B. Release of Security. The city will not accept dedication of required public facilities or improvements, nor release nor reduce the amount of any security posted by the subdivider, until the city engineer has submitted a certificate stating:

1. That all required public facilities or other improvements have been satisfactorily completed; and

2. The subdivider’s engineer or surveyor has certified to the city engineer, through the submission of a detailed “as built” survey plat of the subdivision, indicating location, dimensions, materials, and other information required by the city’s public works standards, that the layout of the line and grade of all transportation facilities, public facilities or other improvements is in accordance with the approved construction plans for the subdivision or binding site plan.

C. City’s Acceptance. Upon recommendation of approval by the city engineer, acceptance of the improvements for dedication in a final plat shall be adopted in an ordinance or resolution.

D. Maintenance of Improvements. The subdivider/property owner shall be required to maintain all required public facilities until the dedication of same is formally accepted by the city. Following the acceptance of the public facilities, the subdivider shall provide a warranty bond or other security to the city as required by NMC 20.06.040(D).

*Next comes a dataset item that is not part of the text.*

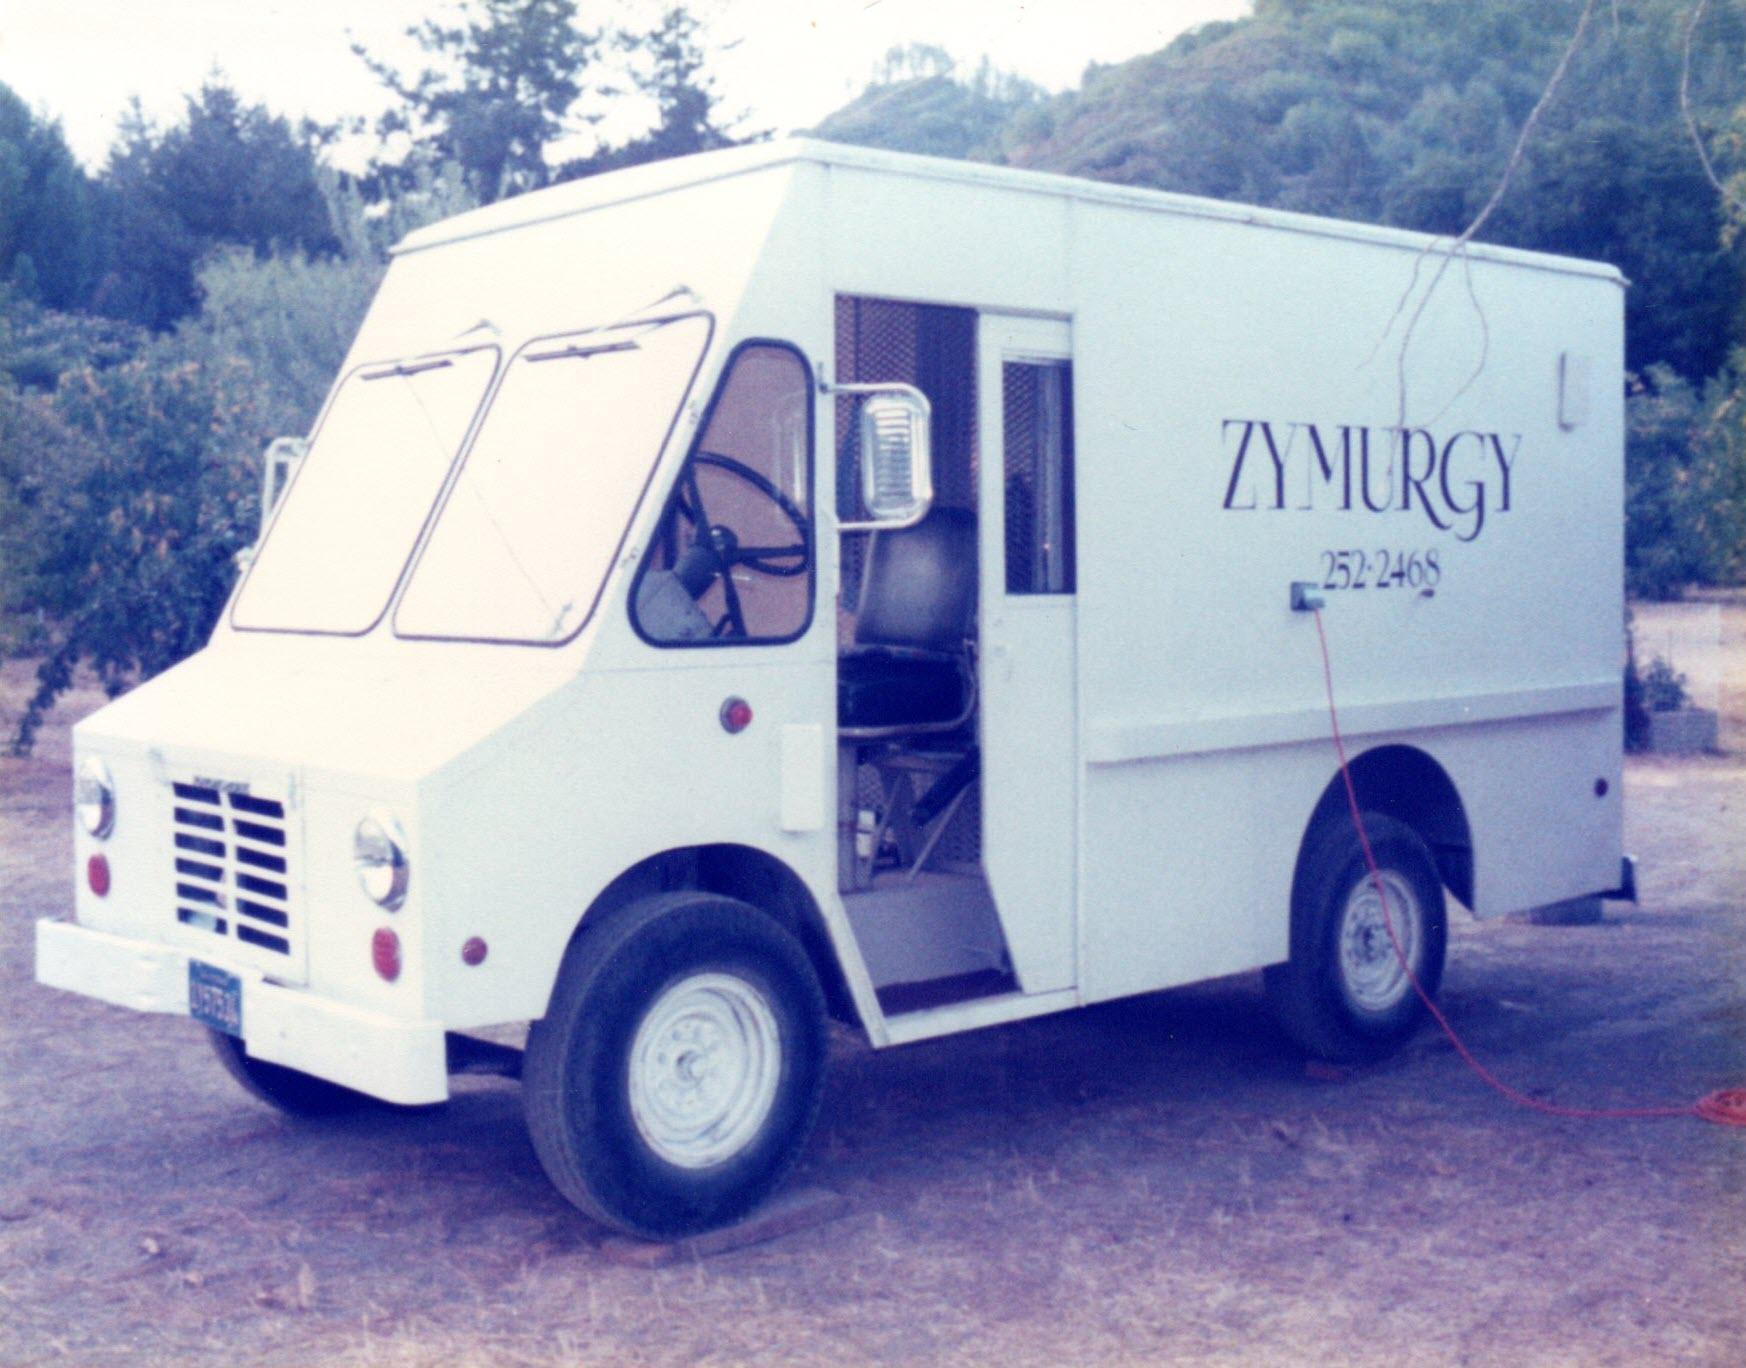 Zymurgy002

E. Issuance of Building Permits and Certificates of Occupancy. When a bond and/or other security with a subdivision improvement agreement have been accepted by the city for the construction of public facilities or other improvements in a short plat, final plat or final binding site plan, the city may issue building permits for development within the subdivision, but the city shall not issue a certificate of occupancy for any building in the development prior to the completion of the required public facilities or improvements and the acceptance of the dedication of those facilities or improvements by the city. The city engineer may authorize the issuance of up to 50 percent of the building permits for the lots in the subdivision if: (1) the applicant is not in default of the subdivision improvement agreement; and (2) the applicant has constructed and the city has inspected/accepted the public facilities or other improvements necessary to serve the lots for which such building permit applications have been submitted. (Ord. 2021-633 § 2).